We do this because self-awareness is hard, it’s uncomfortable — we might even have to suspend our own values and ethics, our entire worldview, to understand where someone is coming from.
“Self-reflexivity often means frustration, emotional discomfort, and the shock of a disturbingly more accurate image of one’s self.” -Garrett
Shedding Our Own Habitus: It’s Uncomfortable and Might Require Emotional Distance
Garrett actually opens up her article with a story I found quite unpleasant and shocking at first:
Sometime around 311 CE the official Deng You fled the Xiongnu invasions with his wife, their only son, and Deng You’s nephew, who was the orphaned only son of his brother. Along the way they abandoned their carriage and lost their ox and horse.
Teng Yu [Deng You] said to his wife, ‘‘My younger brother died early and there is only his son, Sui, left to carry on his name. Now that we have to travel on foot, to carry both boys on our back and have all of us die would not be as good as abandoning our own son and carrying Sui in our arms. Afterwards we may still have another son.’’ His wife consented. Yu [You] abandoned his own son in the grass. The boy followed, sobbing and calling after them, finally catching up with them at nightfall. The next morning Yu bound his son to a tree and departed, and so they got across the Yangtze River.1 (Liu 15–16)
Later on in the article, she talks about her difficulty with empathizing or even understanding this decision. However, she later realizes, through self-awareness, that her own idea of ethics and understanding of the world have impacted this assumption and analysis.
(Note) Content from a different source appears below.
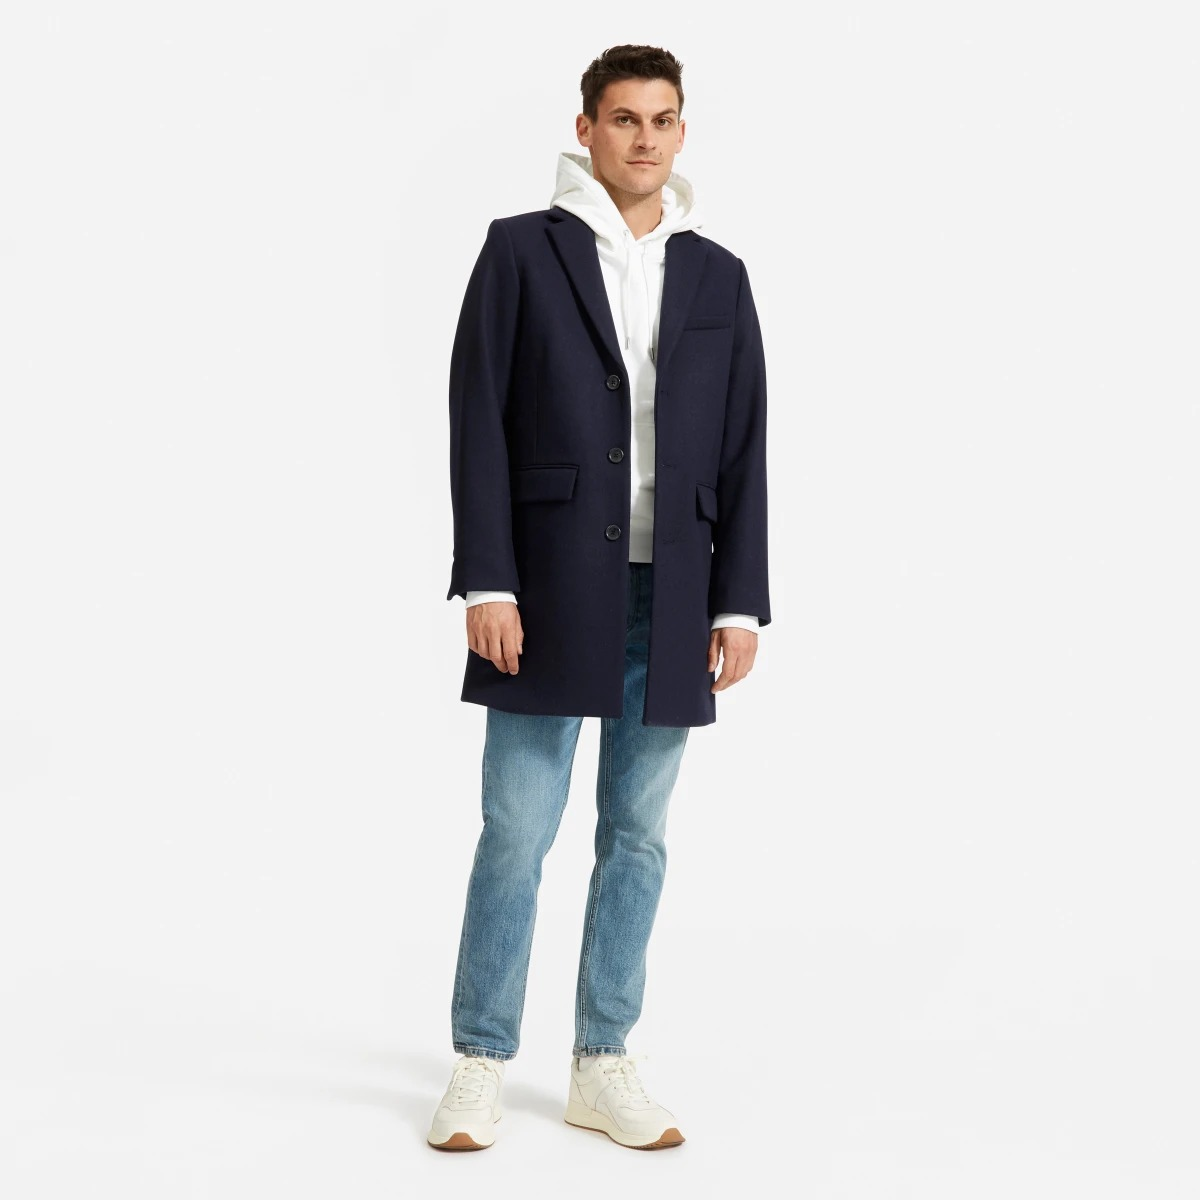 Everlane-The-ReWool-Overcoat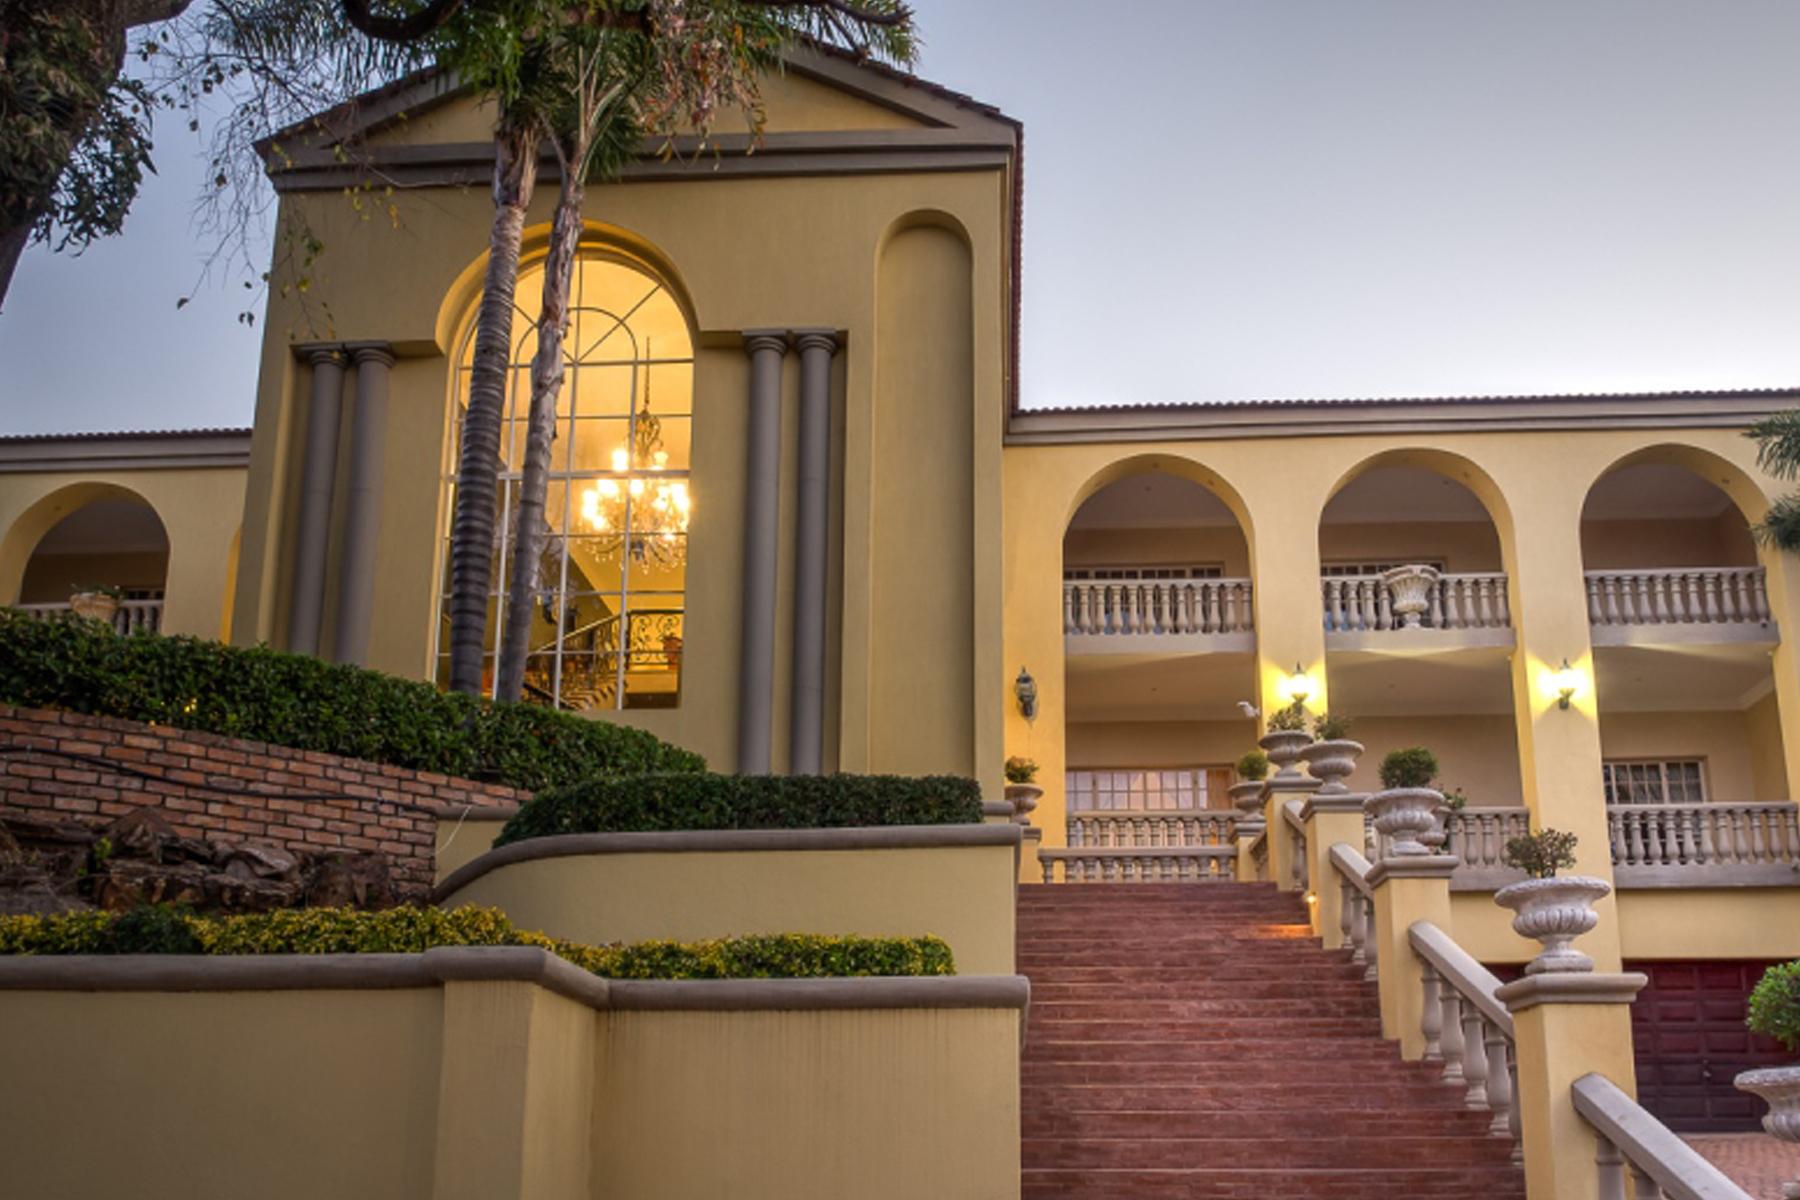 Single Family Home for Sale at Herbert Baker Street Pretoria, Gauteng, 0001 South Africa

For me, I was still digging my heels in, thinking to myself. I am right, it doesn’t matter if they have different ideas of ethics, those ideas are wrong. It took reading this passage to actually (but still, I must admit, not fully) begin to shift my thinking.
“Shifting to distance-near terms, it is clear from other stories in this genre that Deng You’s choice would be characterized as gong, a word meaning ‘‘unselfish, public-spirited, public,’’ whose contrary is si, meaning ‘‘selfish, private, putting one’s own interests ahead of others.’’ Once Deng You’s decision is cast in distance near terms, it becomes not only the superior ethical choice, but the only ethical choice.” -Garrett
Good Intentions Do Not Always Lead to Results
In fact, your mind will probably try to rationalize due to the cognitive dissonance and other biases at play. It is not easy — it’s not a quick fix, but that doesn’t mean that examining the levels of influence isn’t instrumental to the design thinking process.
‘‘Greater self-reflexivity may not suffice to reveal to ourselves our own biases and blind spots and raises the prospect that reflexivity might actually be a form of rationalization for unconscious motivations and prejudices’’ (Haggerty 153–162).
Human-Centered Design Thinking
The advice, “leave your biases at the door” can’t actually happen without putting in the hard work. Point being, if we want our designs to be effective, we have to align them with the situation, not with our own preconceptions.
Bringing our full selves — our identities and world-views — to the conversation is still important, valuable even. Self-awareness is simply the ability to understand where we might be blinding ourselves. And when entering into the empathizing step of design thinking, shedding that sense of self, even for a moment, to really understand the other person. By doing so, you can truly understand the pain points of the user; contextualize the problem and be able to get to the root of it; and iterate on your design in a productive, user-focused way.